Foreign & Colonial Investment Trust (FRCL) is one of the oldest investment trusts and one that made it to the FTSE 100 blue-chip index. Last time it was in the blue chip index, was in 2009, although only briefly, for six months. The fund entered it in March 2009 and was dropped back to the FTSE 250 index in September that year.

At the time it joined the FTSE 100 index, it was trading at 3.9% discount; within the next couple of days it moved to premium; but that did not last long. Indeed, two weeks later the fund was trading again at some 6% discount. This widened further, to double digits, by August and peaked at some 16% by mid-September, a couple weeks after the fund was dropped back to the FTSE 250; subsequently it had traded around 10% discount for the next few months.

Indeed, other funds that moved between different categories of the FTSE All-Share index followed the same pattern. Fidelity Special Values (FSV) was dropped from the FTSE 250 index in September 2011 and saw its discount widening for a brief stint only. Conversely, John Laing Infrastructure Fund (JLIF) joined the same index three months later, in December 2011, and saw hardly any change to its premium. The fund was already in vogue by then; there was an excess demand for its shares, thus it had been trading at a premium.

Being a constituent of a FTSE index could be a matter of prestige, but in reality it does not seem to have a big impact on the fund's well-being. The discount effect tends to be short-lived; trade volumes might increase if the index is followed by tracker funds, which consequently will sell out or purchase shares of the trust. However for long-term investors, the fund's joining or leaving an index alone, makes no difference, or if anything, provides an opportunity to top-up ones shares.

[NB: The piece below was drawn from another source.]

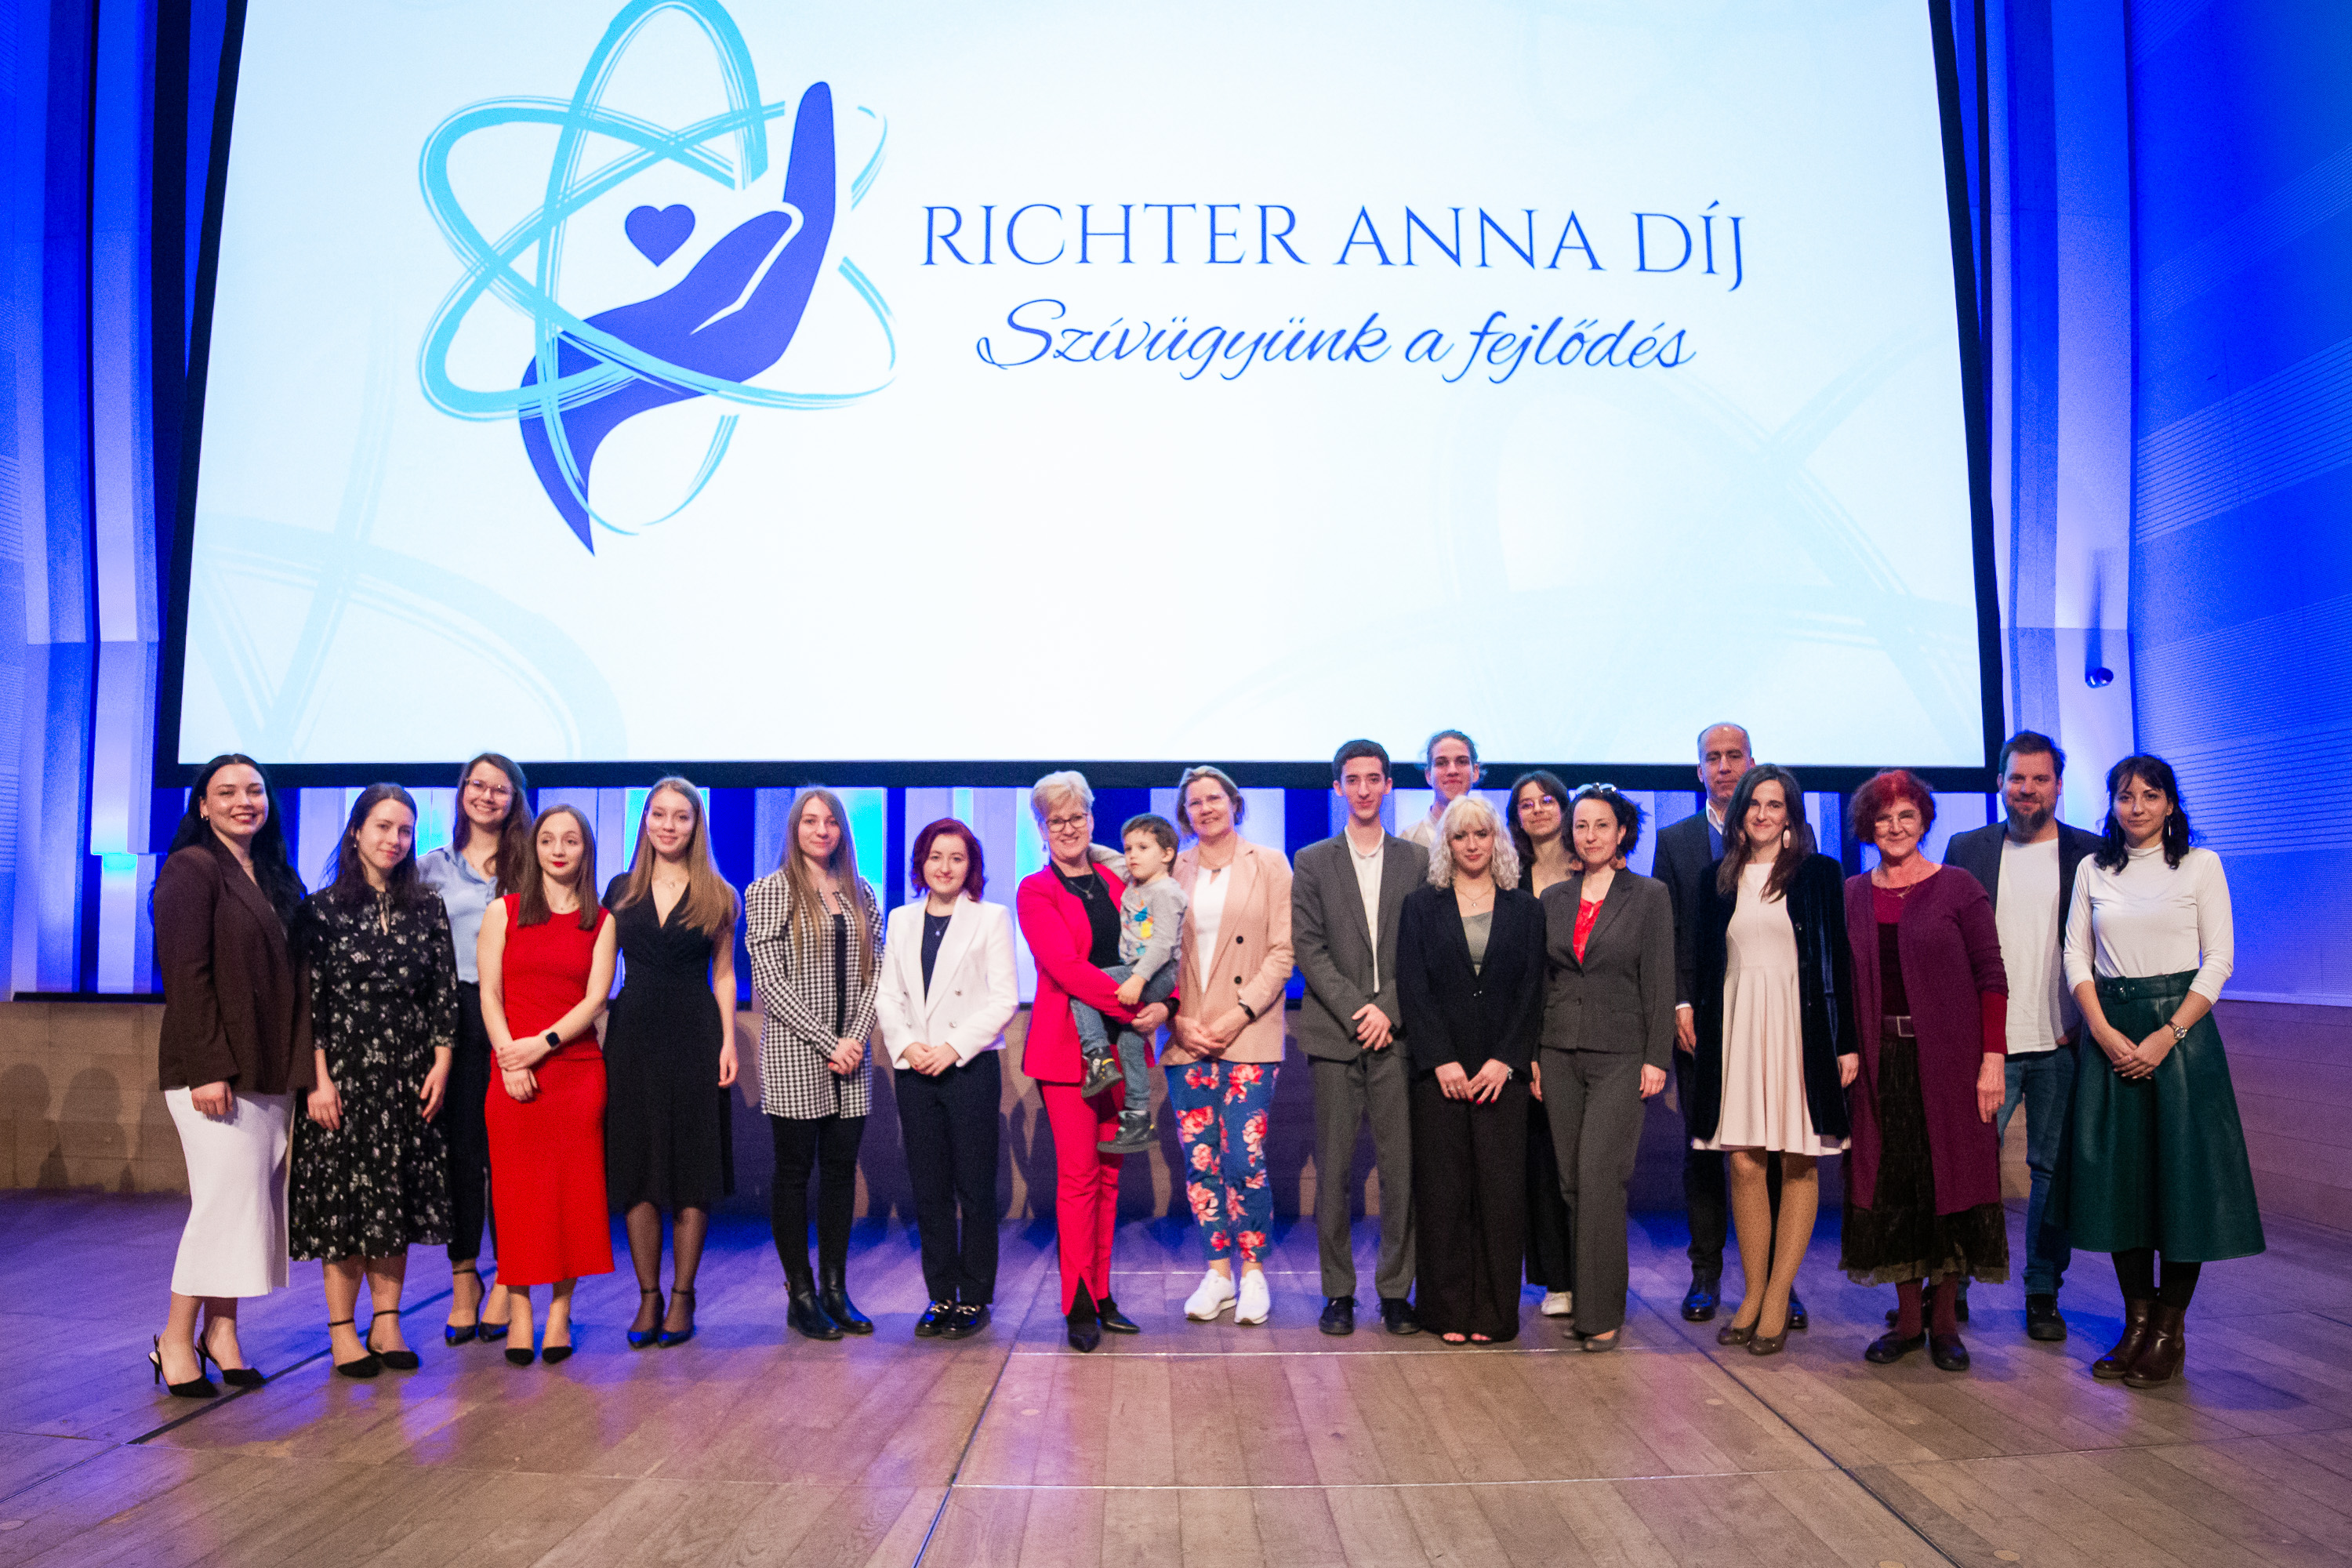 Riadót fújtak a fiatalok mentális és fizikai jóllétéért tenni vágyó győztesek a Richter Anna Díj idei gáláján

The information contained within is for educational and informational purposes ONLY. It is not intended nor should it be considered an invitation or inducement to buy or sell a security or securities noted within nor should it be viewed as a communication intended to persuade or incite you to buy or sell security or securities noted within. Any commentary provided is the opinion of the author and should not be considered a personalised recommendation. The information contained within should not be a person's sole basis for making an investment decision. Please contact your financial professional before making an investment decision.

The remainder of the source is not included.